James Merry's Embroidery Wonderland
Meet James Merry, self-taught embroidery artist and creative assistant to Bjork.
Residing in a small cabin studio just outside Reykjavik Merry dreams up wondrous works of stitch, imagining a place of transformation where anatomy and botany meet.
In addition to Merry’s latest embroidery headpiece for Bjork, Tactile Trends looks at ‘The Embroidered Gaze’ for the V&A Museum and ‘Sporticulture’ for Opening Ceremony.
Bjork steps out in the ‘Ghost Orchid’ headpiece at her recent concert in Montreal, looking like a fantastical creature from a Techno Wonderland. The 3D sculptural embroidery features plastic, wire and glass and also glows under UV light adding extra depth and dimension.
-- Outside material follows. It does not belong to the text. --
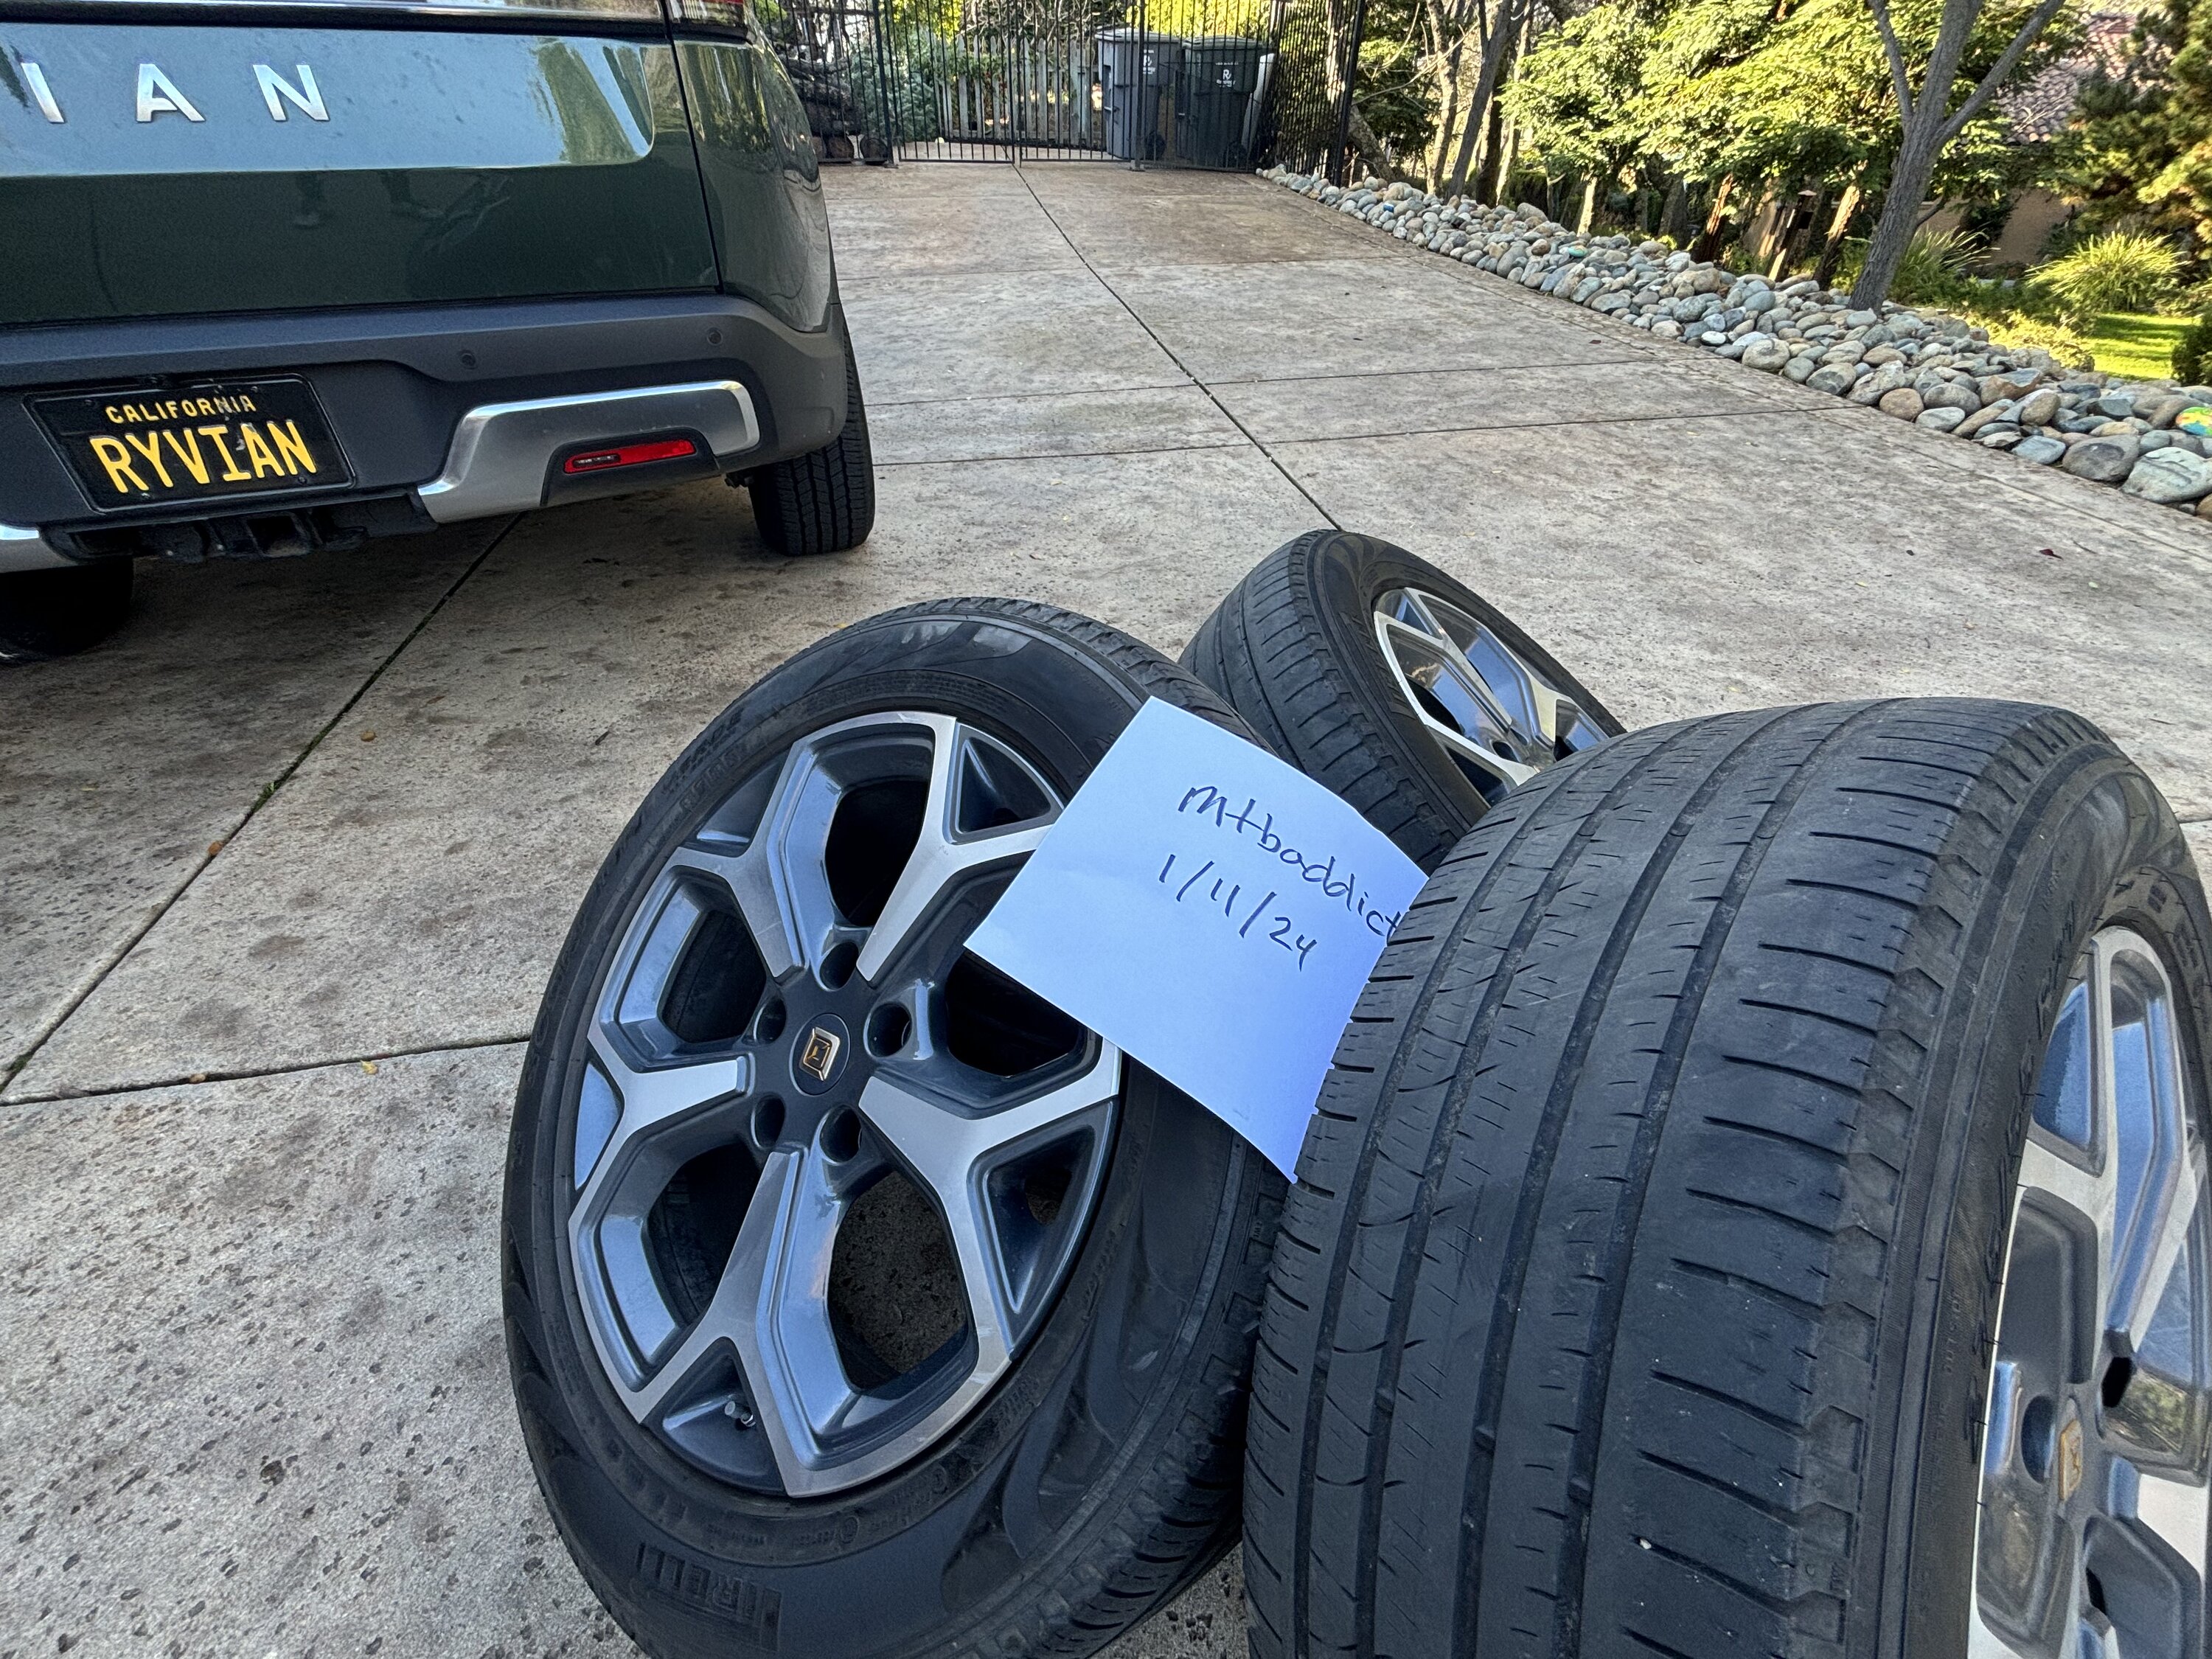 Rivian R1T R1S 3 individual 21” wheels and tires for spares $250 each - Sacramento and Foothills Area IMG_5701

This latest artwork from the ongoing collaboration between Merry and Bjork sees their creative partnership continue to push boundaries giving us tactile artworks that appeal to our senses on so many levels.
The Embroidered Gaze
Commissioned by the V&A Museum this hand-embroidered piece used eye-tracking technology to record the precise position of Merry’s pupils as he looked at a series of sculptures from the Museum collection. After analyzing the many hours of raw data Merry was left with a ‘personal gaze journey’ which he re-imagined into a tactile embroidery piece using gold, silk and neon threads, beadwork and French knots.
The flora and fauna of Iceland grows organically into Merry’s work for Opening Ceremony. We see glacier flowers, moss, vegetables and local endangered plants rooting themselves into sportswear logos suggesting a kind of fertilization. It’s a whimsical transformation of a machine made aesthetic and strongly represents the growing trend movement for individual style and slow fashion.
The way Merry elegantly bridges the gap between traditional needle craft and technology could easily play into emerging trends for data informed design and equally the theatre he injects into his works is hugely inspiring for trend building around themes of transformation.